Big deal, right? So when word slowly got around at work there were a lot of people who assumed I would be quitting my job to write full time. Despite what I knew about publishing I got caught up in some of that. Anyway, it would certainly, should certainly lead to a traditional contract. There would be throngs of book people, parties, interviews, big name writers to meet, photos taken, etc. IeBAF send me a first class ticket to Frankfurt and I waited to go.
Then, on September 11th, 2001, the world changed.
Long story short. I went, but most of the big names didn’t. I didn’t get a book contract. I didn’t win. I did get a few pictures for the grandchildren, some bragging rights. The book fair was a shadow of what it usually was, I was told by others that had been to many. A lot of people just refused to fly one month after 911.
So, sorry to take up so much space here. I just had to attest to what you’re saying here. I’m sure the attack on Pearl Harbor had a similar effect on a lot of projects that were about to launch. We make our plans, we mice and men, and then… shit happens.
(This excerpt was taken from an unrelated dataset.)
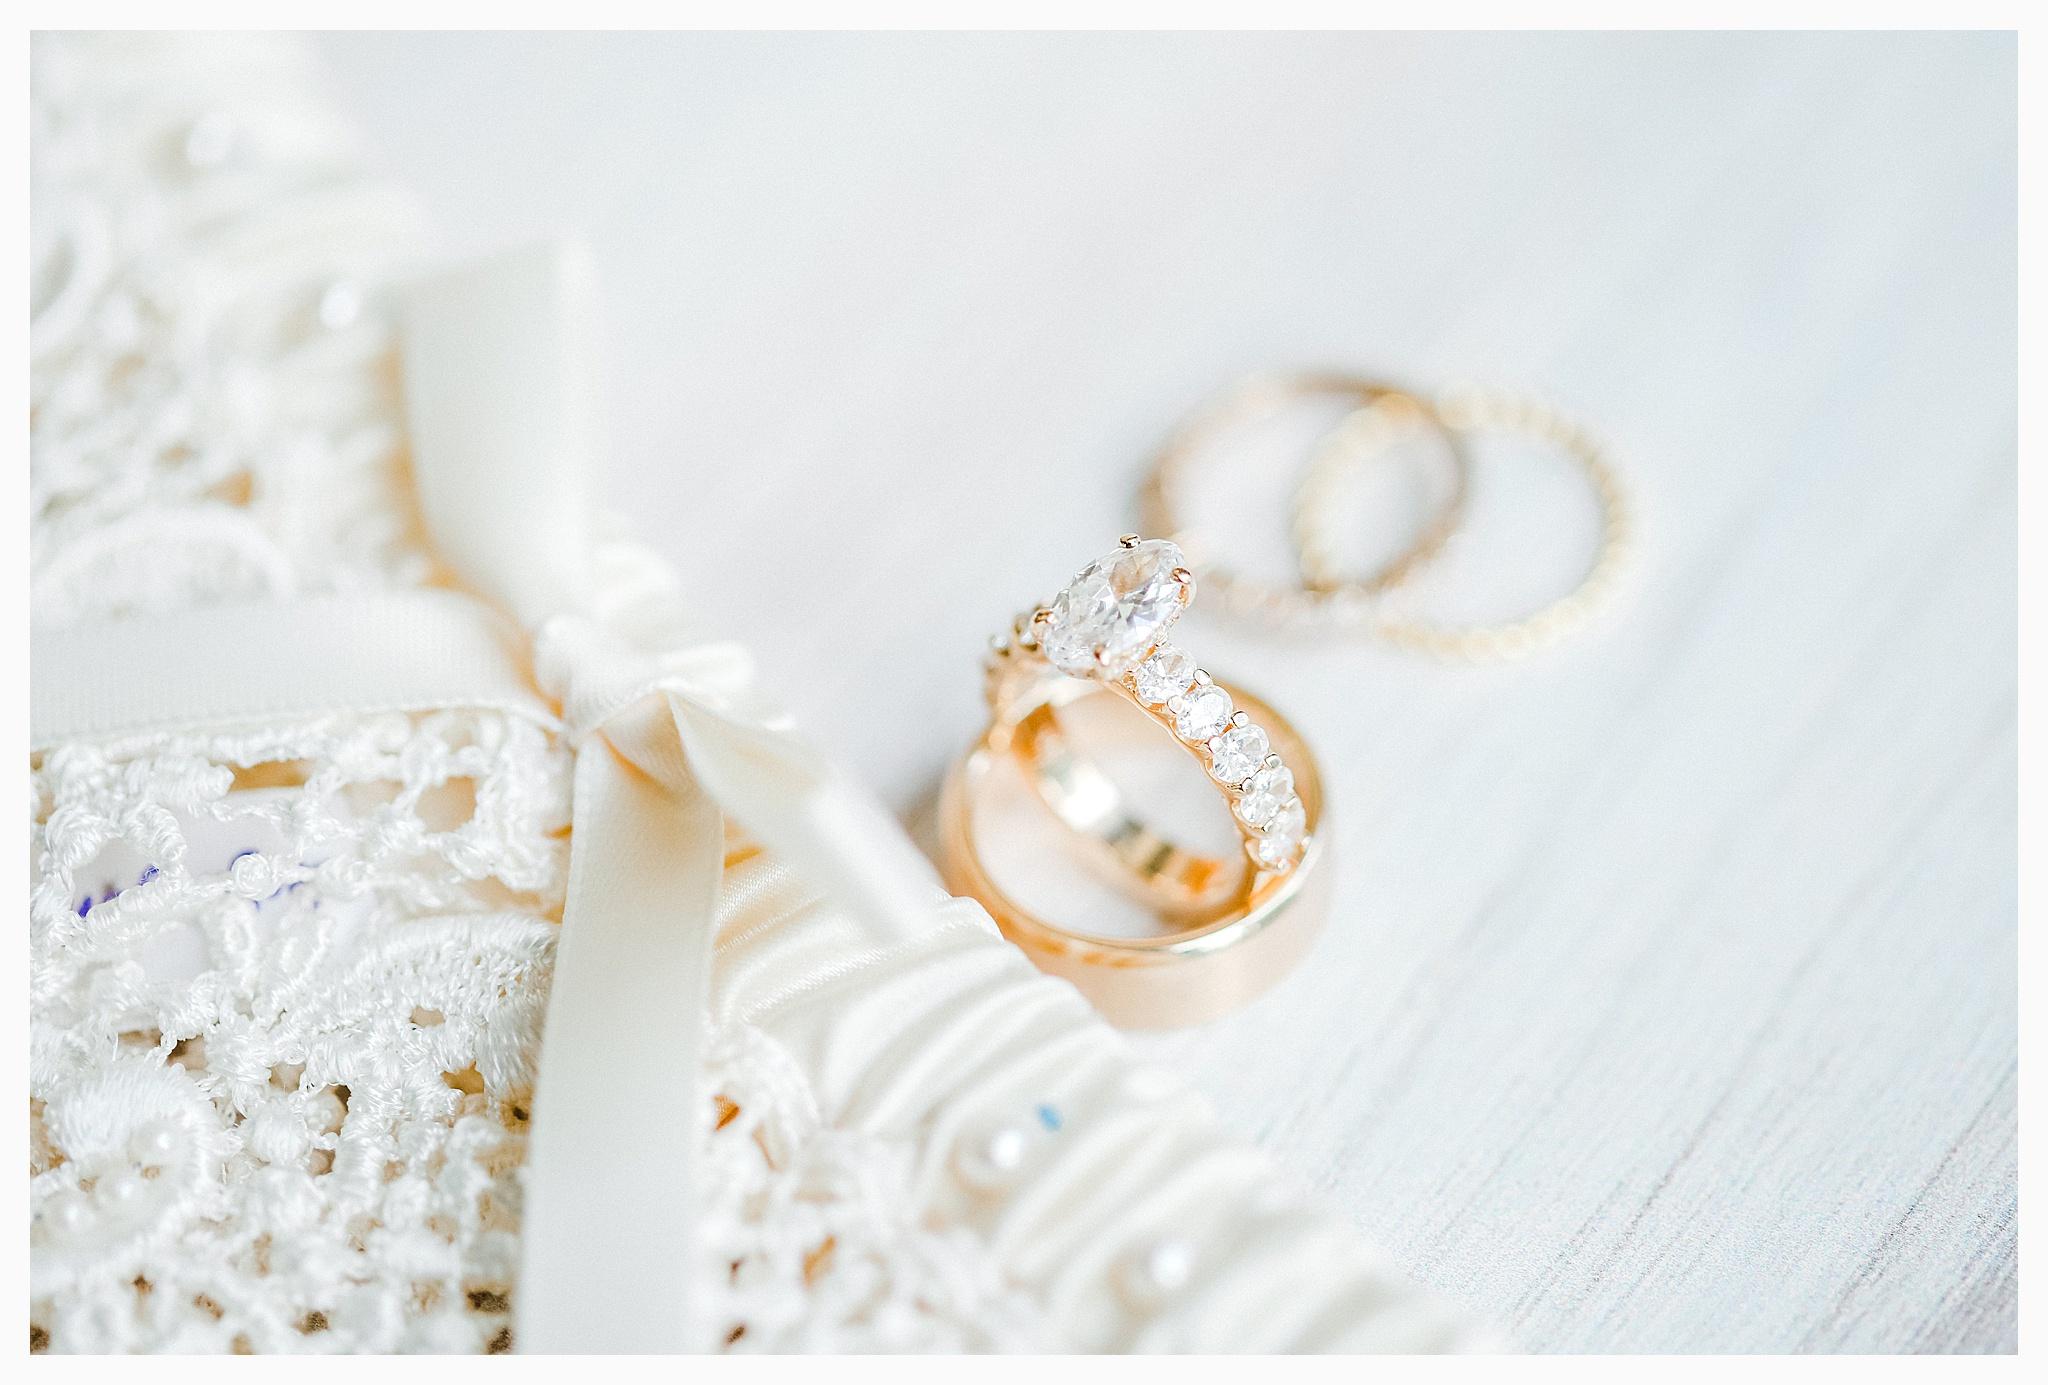 Emma Rose Company Light and Airy Wedding Photographer, Beautiful fall wedding at Rock Creek Gardens Venue in Puyallup, Washington._0007.jpg

Getting back to your piece. I’m heartened by your no. 4, Social Trends. I think this is the one that a writer has some control over. That is, if he or she, is attuned to what the people of the country are going through. I like to think I am. At least, I try to be.
Well, I hope what you’ve done with Primacy resonates with lots of readers. It’s certainly a timely book.
Best!
Great story, Paul. There are so many tales of books being resurrected from the dead. Same book, different day, right?
Regarding social trends, I don’t know if one can really write to them or not. You have to catch it pretty early, unless you write super fast. Generally speaking, it’s not a great idea to chase trends. Better to have them chase you.
That said, I’m working now on a financial thriller. At its heart is the idea that traders sit in their offices in Greenwich and press buttons and other people’s lives get ruined. Very timely RIGHT NOW, but I fear that by the time it’s published…not as much. But this story was calling to me, so here I am. Fingers crossed. All we can really do is write the best book we have in us. The rest is fate.
I sent out my first memoir proposal on the morning of 9/11, just before the planes hit. Talk about terrible timing! I’ve been there.
And Joel–not that it matters–but I recently reviewed a thriller about hedge fund traders in Greenwich, CT. That’s no reason not to write your own book, however.
EC
There is nothing new under the sun. Would love to hear the name of the book, however.
The Gods of Greenwich by Norb Vonnegut (distant cousin to Kurt).